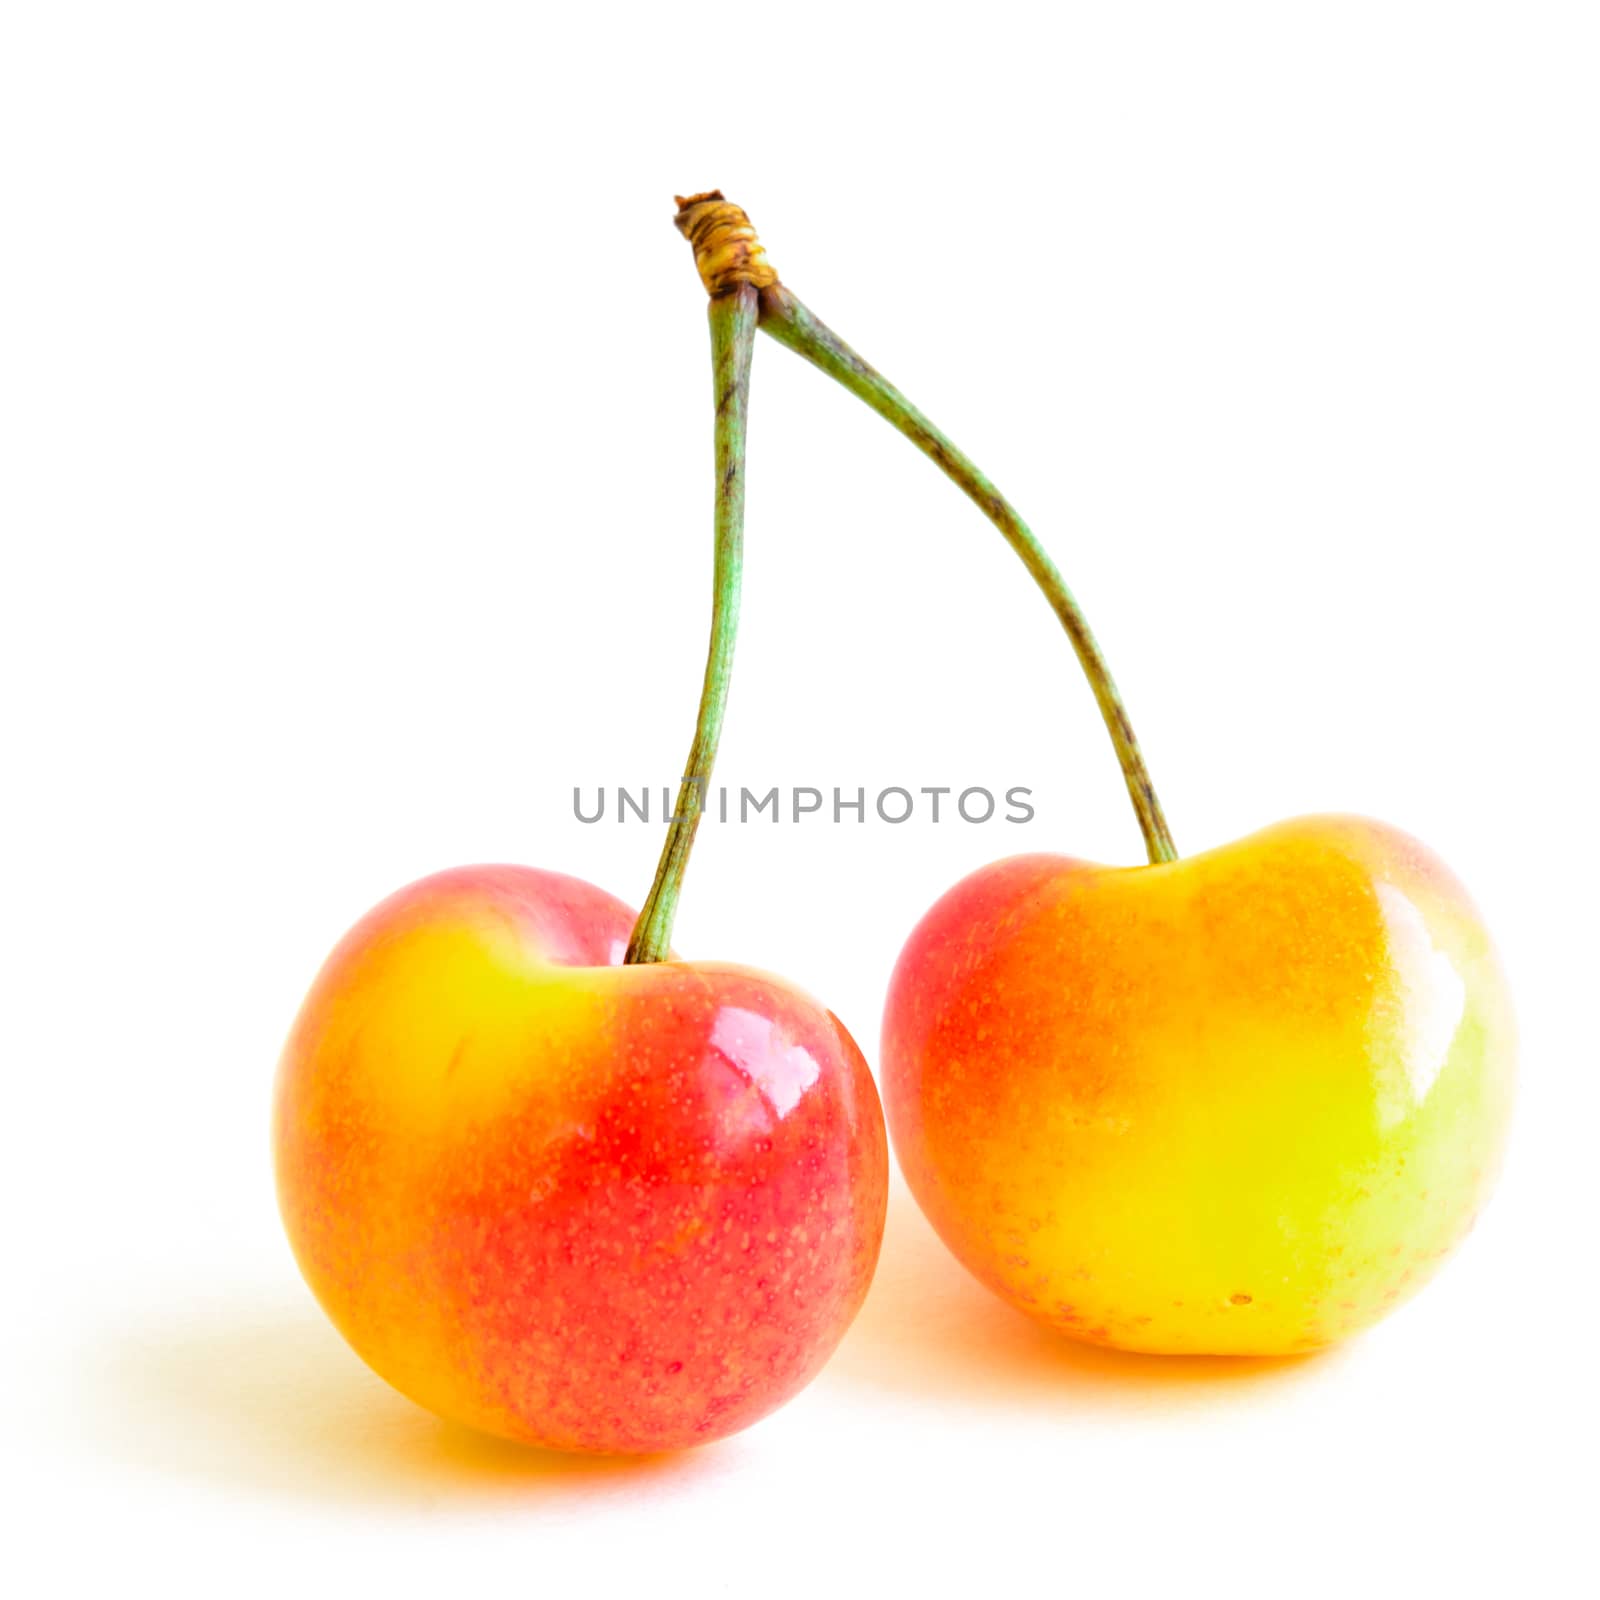 Two Rainer cherries joined with stem isolated on white background. Fresh picked organic cherries grown in Yakima Valley, Washington State, USA.
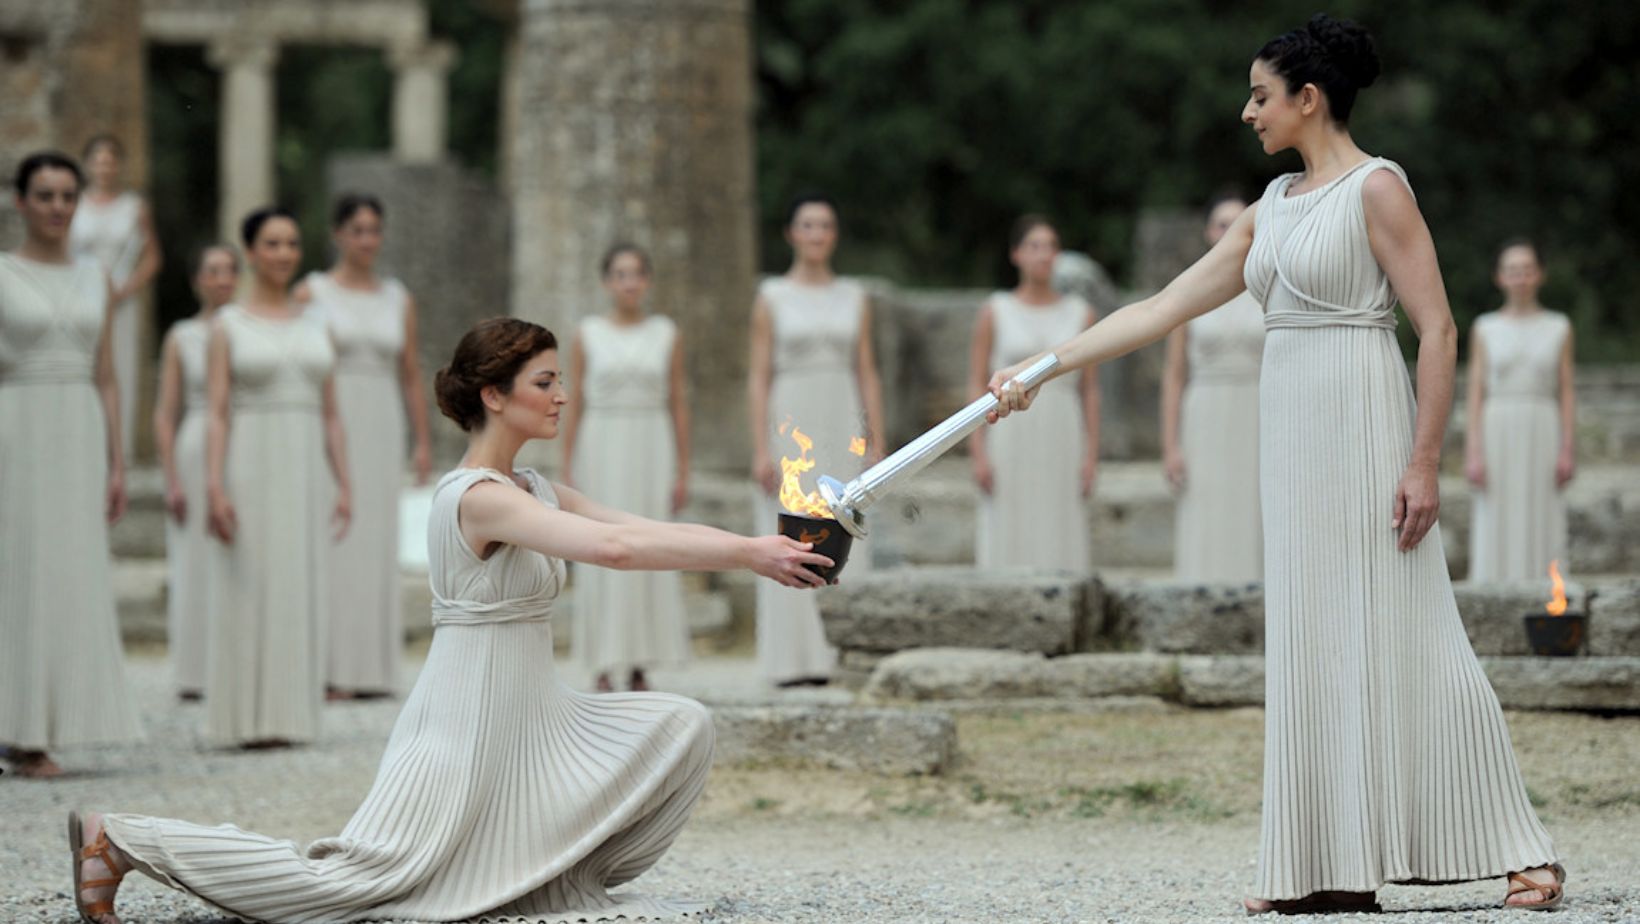 The Sacred Flame and Vestal Virgins, Ancient Roman Religion
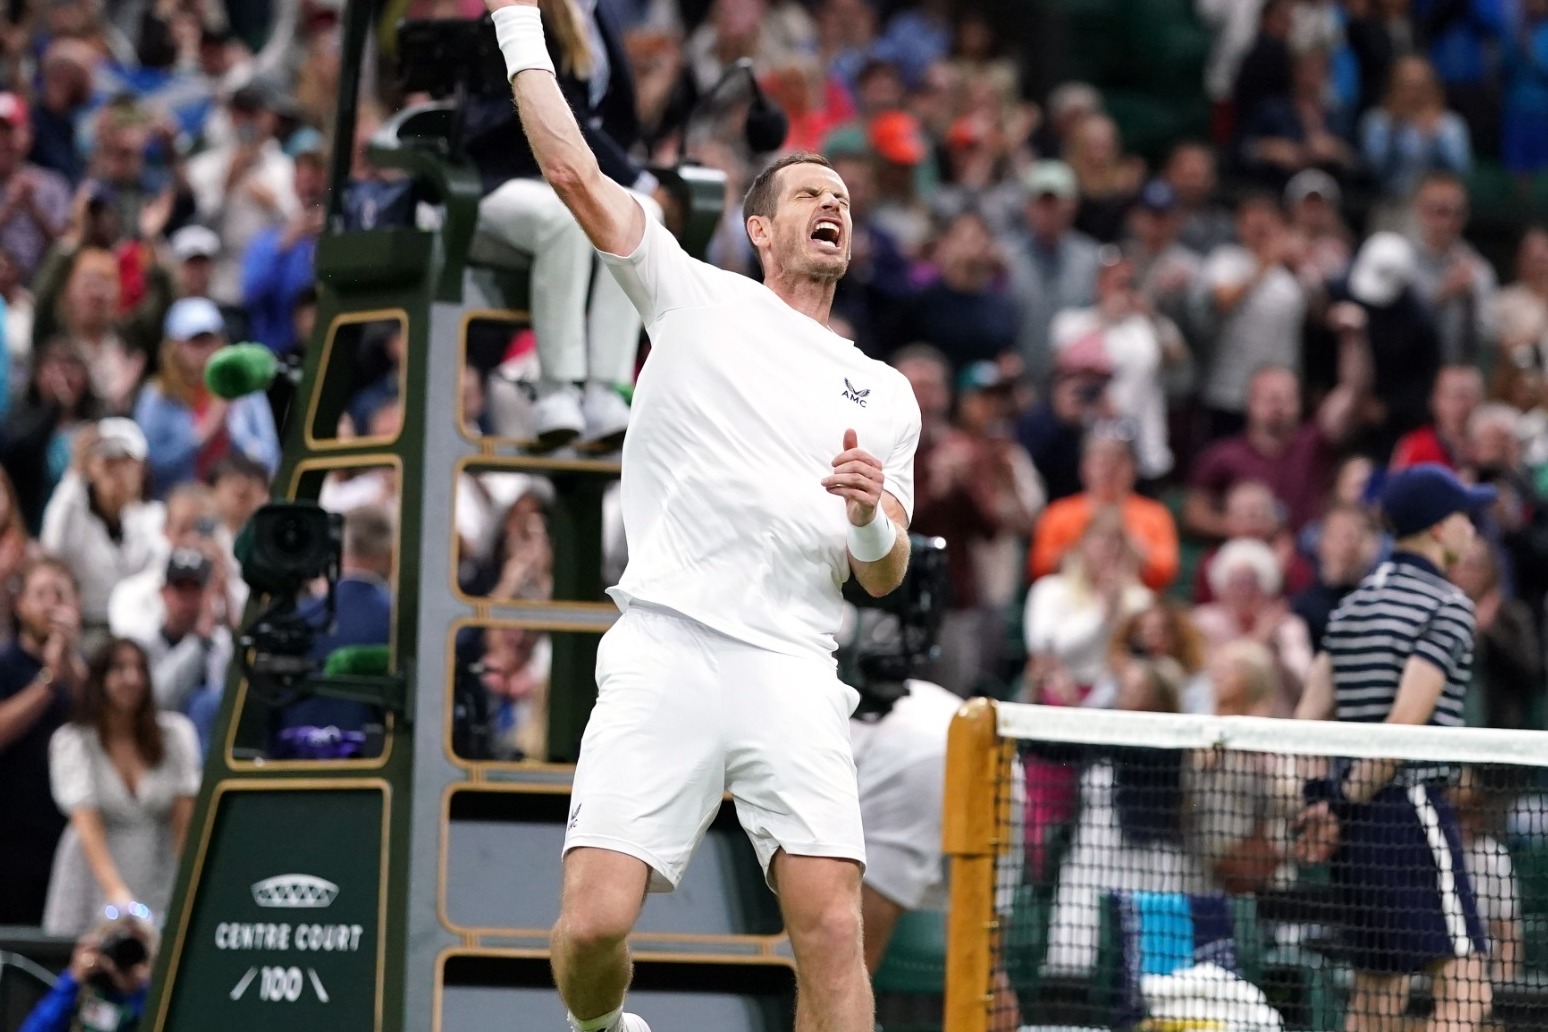 Andy Murray utilises underarm serve in first-round win at Wimbledon

- WORK TASK:
Write out the listing above exactly, images omitted.

- WRITTEN RESPONSE:
 Two Rainer cherries joined with stem isolated on white background. Fresh picked organic cherries grown in Yakima Valley, Washington State, USA.
 The Sacred Flame and Vestal Virgins, Ancient Roman Religion
 Andy Murray utilises underarm serve in first-round win at Wimbledon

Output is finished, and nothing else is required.